▶ WHAT YOU WILL DO
Exactly as written, output each of the lines below, with no images.

▶ DATASET SECTION

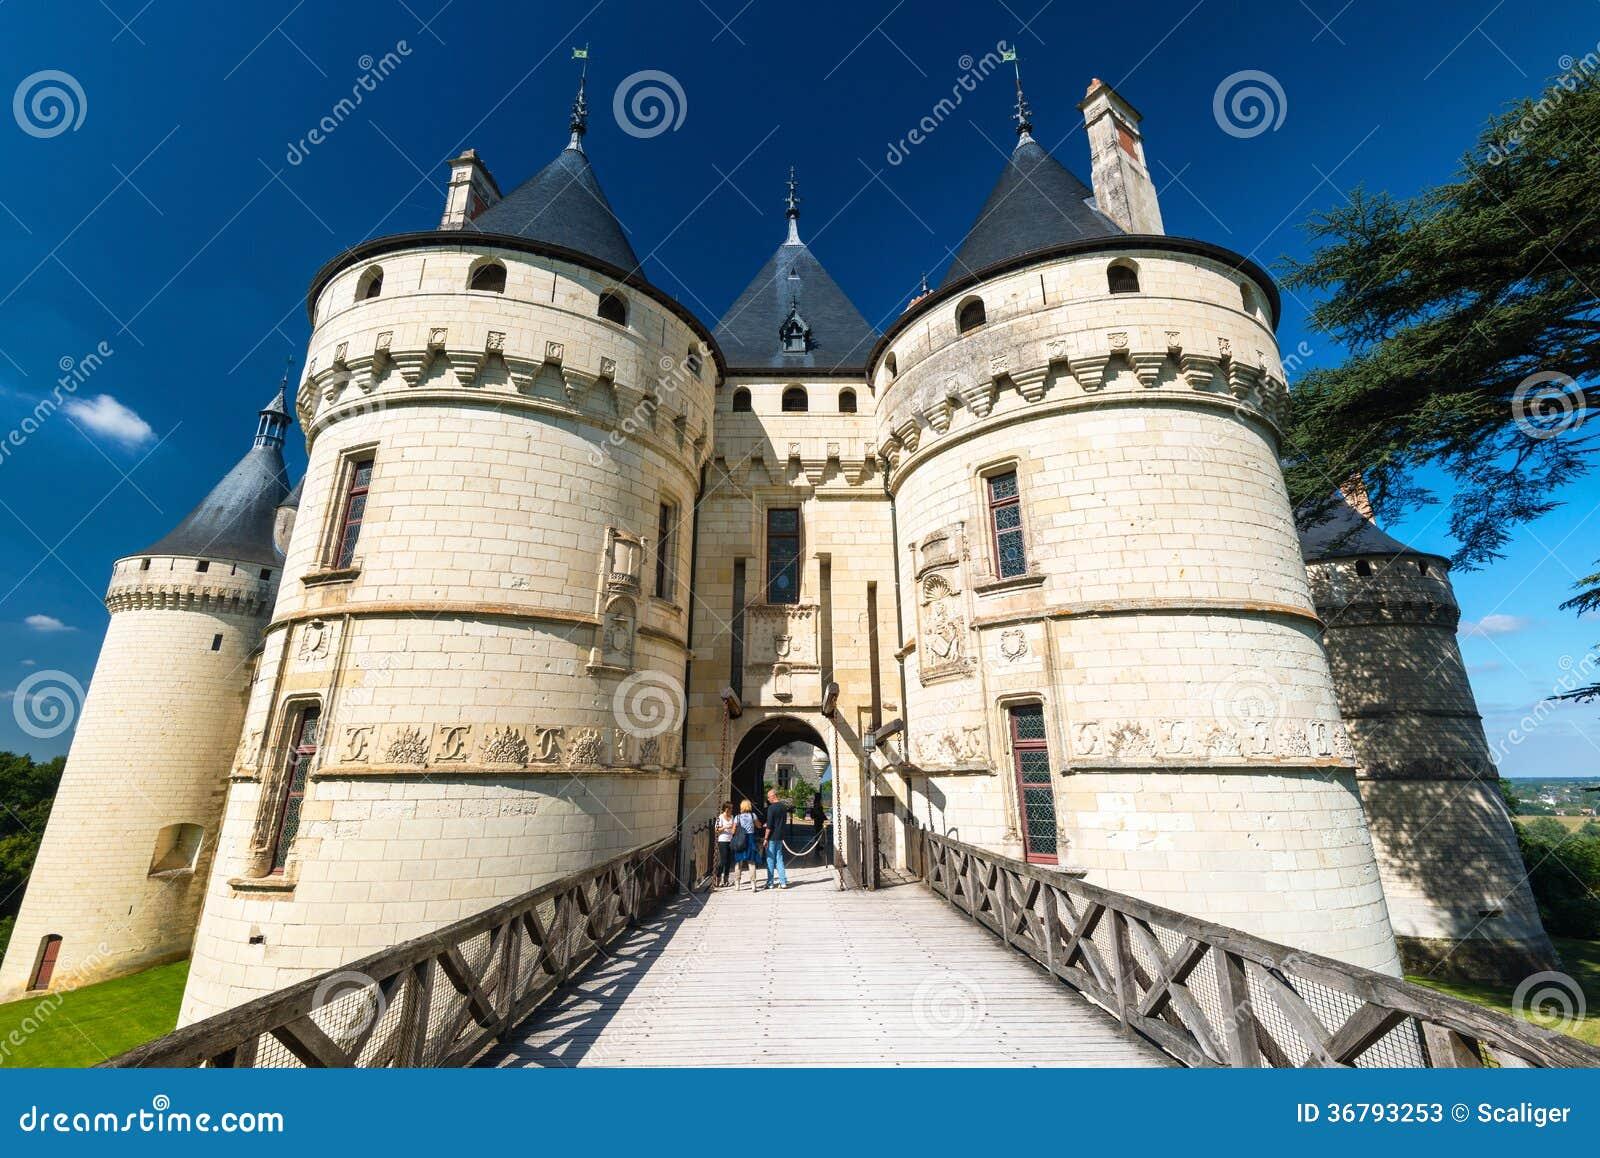 Chateau De Chaumont-sur-Loire, France Editorial Stock Photo - Image of chateaux, chaumont: 36793253
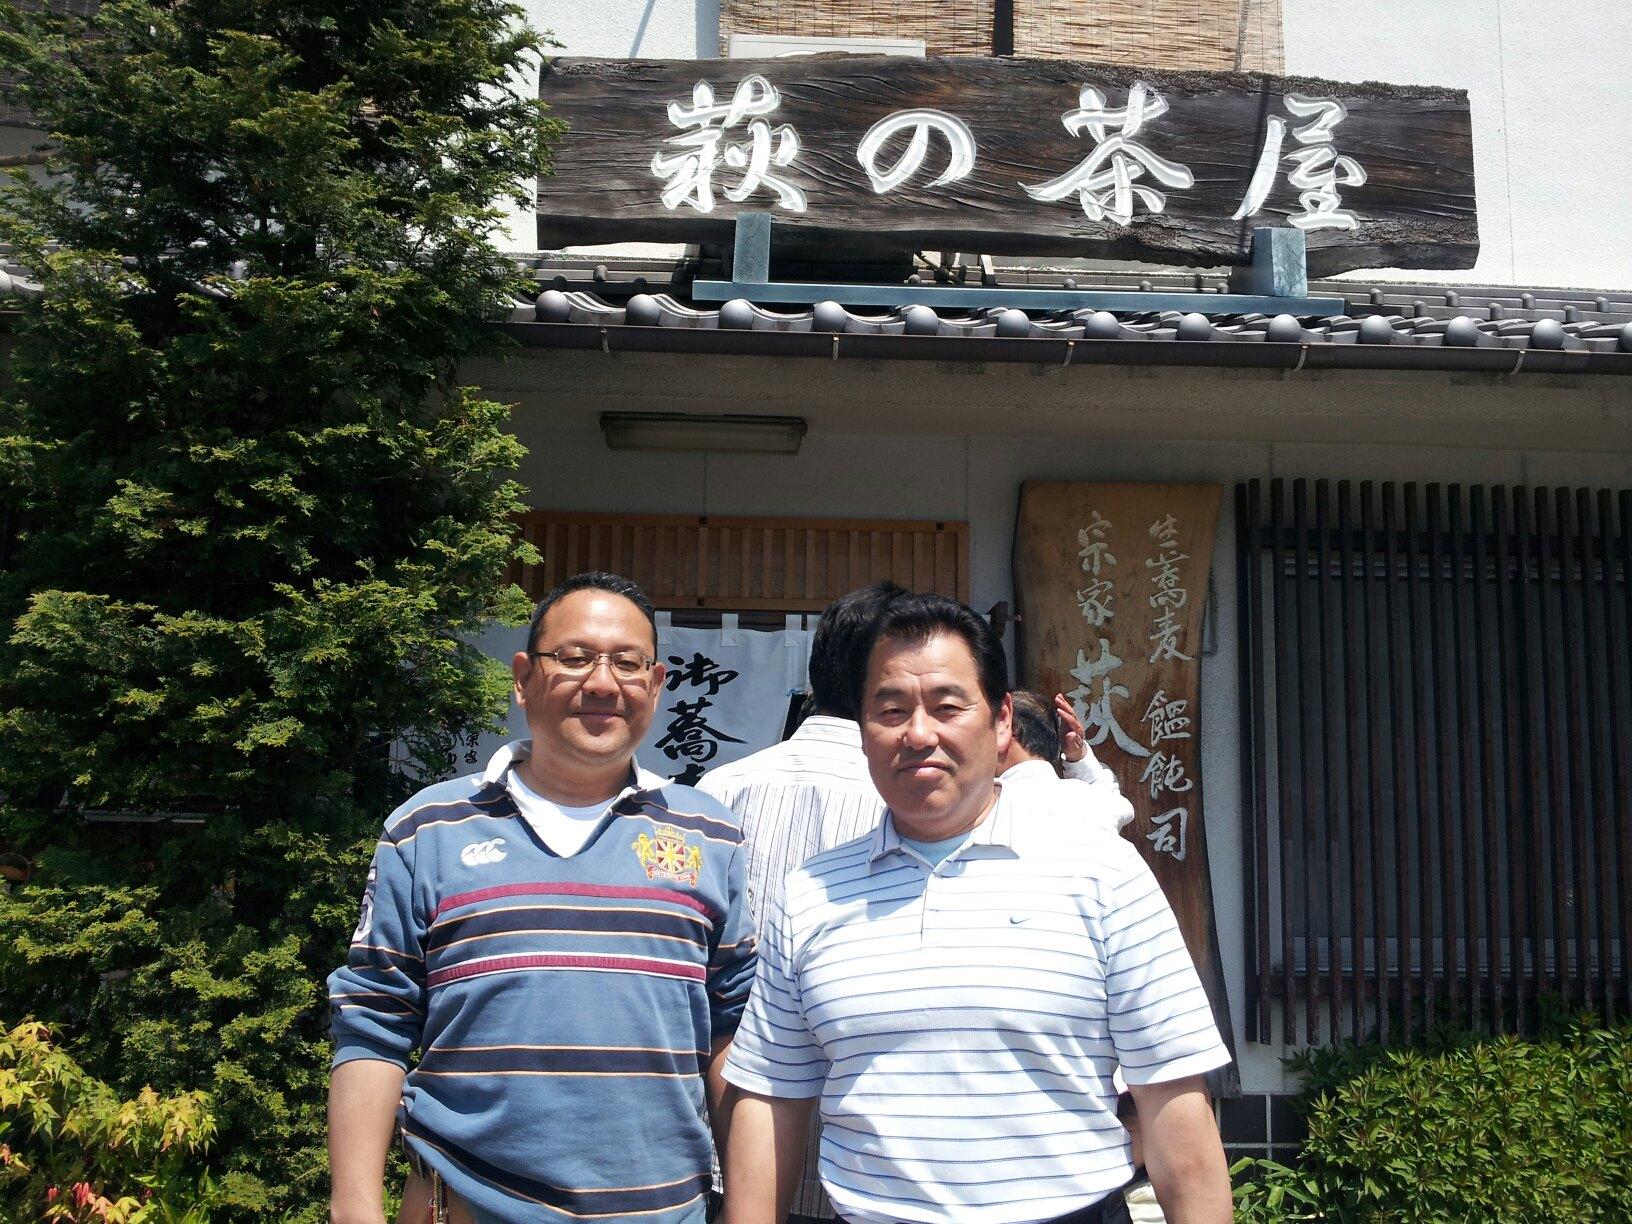 四国大会を岡山から応援下さった、三洋金属黒本社長にご挨拶の為岡山へ!_c0186691_2115463.jpg
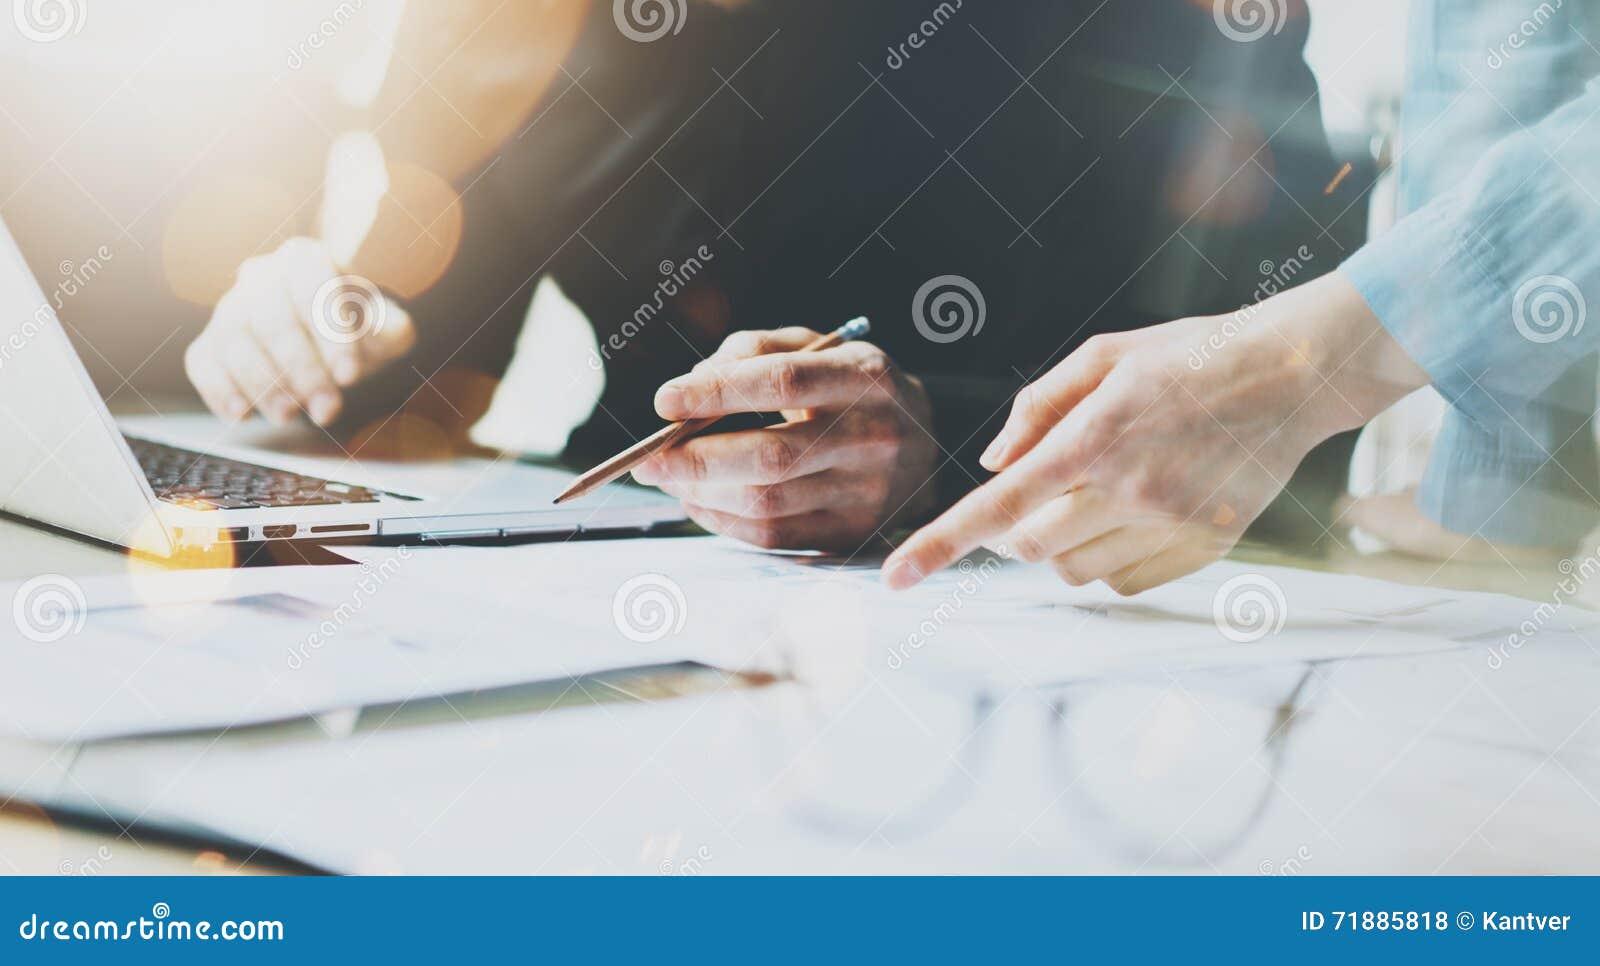 Fotomedewerkers Team Working Modern Office Mens die Generisch Ontwerplaptop Holdingspotlood gebruiken Rekeningsmanager Work New

▶ SOLUTION TO THIS PROBLEM
 Chateau De Chaumont-sur-Loire, France Editorial Stock Photo - Image of chateaux, chaumont: 36793253
 四国大会を岡山から応援下さった、三洋金属黒本社長にご挨拶の為岡山へ!_c0186691_2115463.jpg
 Fotomedewerkers Team Working Modern Office Mens die Generisch Ontwerplaptop Holdingspotlood gebruiken Rekeningsmanager Work New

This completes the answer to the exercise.